Now, with one website landing page, everything has changed again. Bagboy is the first new music from Pixies in nine years, since the Deal-penned Bam Thwock landed as an iTunes exclusive single, and a hint at a first full-length since 1991's 'Trompe Le Monde'. As shocks go, this one was as sharp as one of the band's angular guitar breaks.
Kicking off with a fuzzy, two-note bassline, the track's thick production initially hints at something different before Francis' vocals bring it all flooding back. “Cover your breath, polish your teeth,” goes the song's repeated refrain, with David Lovering's drums thudding through at the top of the mix.
It could only be them, and it doesn't come as a surprise that the track's constituent parts have been knocking around for several years. Disconnected, abstract lyrics battle with snatches of off-kilter guitar before a huge, melodic riff spins the song off into a chorus underpinned by vocals from Deal – we can only assume - and squalling high notes.

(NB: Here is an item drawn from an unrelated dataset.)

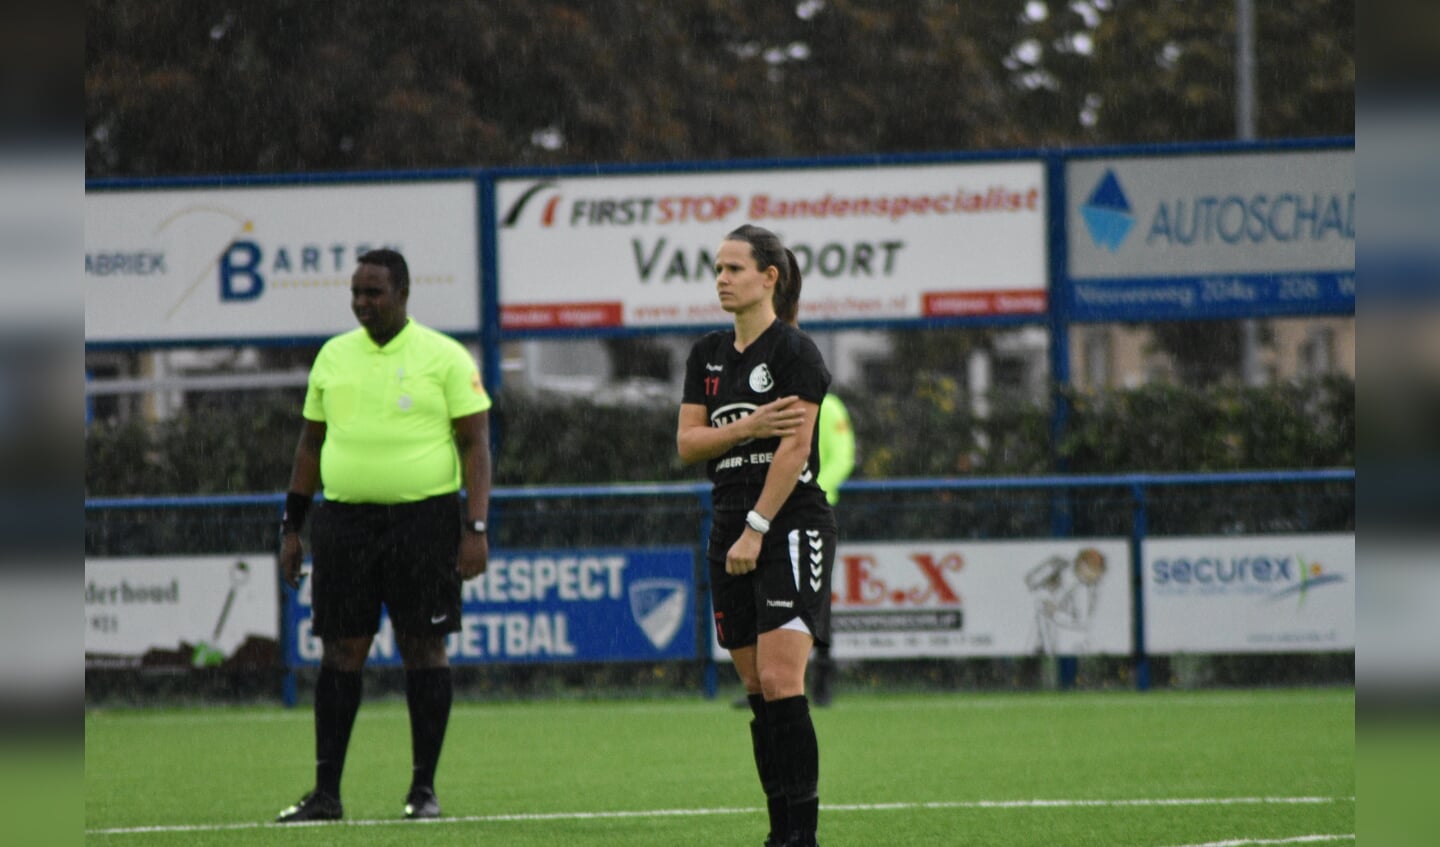 Daphne van Kruistum scoorde maar liefst 5 doelpunten

“The lyrics, coincidentally, were composed at a Starbucks Coffee in Harvard Square in Cambridge, about a hundred feet from where, 25 years ago, I composed some of the lyrics to an old Pixies song called Break My Body,” Francis said.
“Twenty five years later, some Starbucks in Harvard Square, I thought that was kind of interesting. The music for the song has been around for a few years. There are some demos I made with Joey and David a few years ago in Los Angeles, related to a film idea that still has yet to see the light of day, although work on the music continued.”
The song's conclusion is its greatest triumph, a stomping, powerful mess where Francis' shouts mash together perfectly with the backing vocals. It's vintage Pixies and even after all these years, that's a really, really good thing. There's no telling whether a new record is on the way, or whether the band will replace Deal, but just for now, Bagboy is pretty convincing evidence that they are still alive and kicking.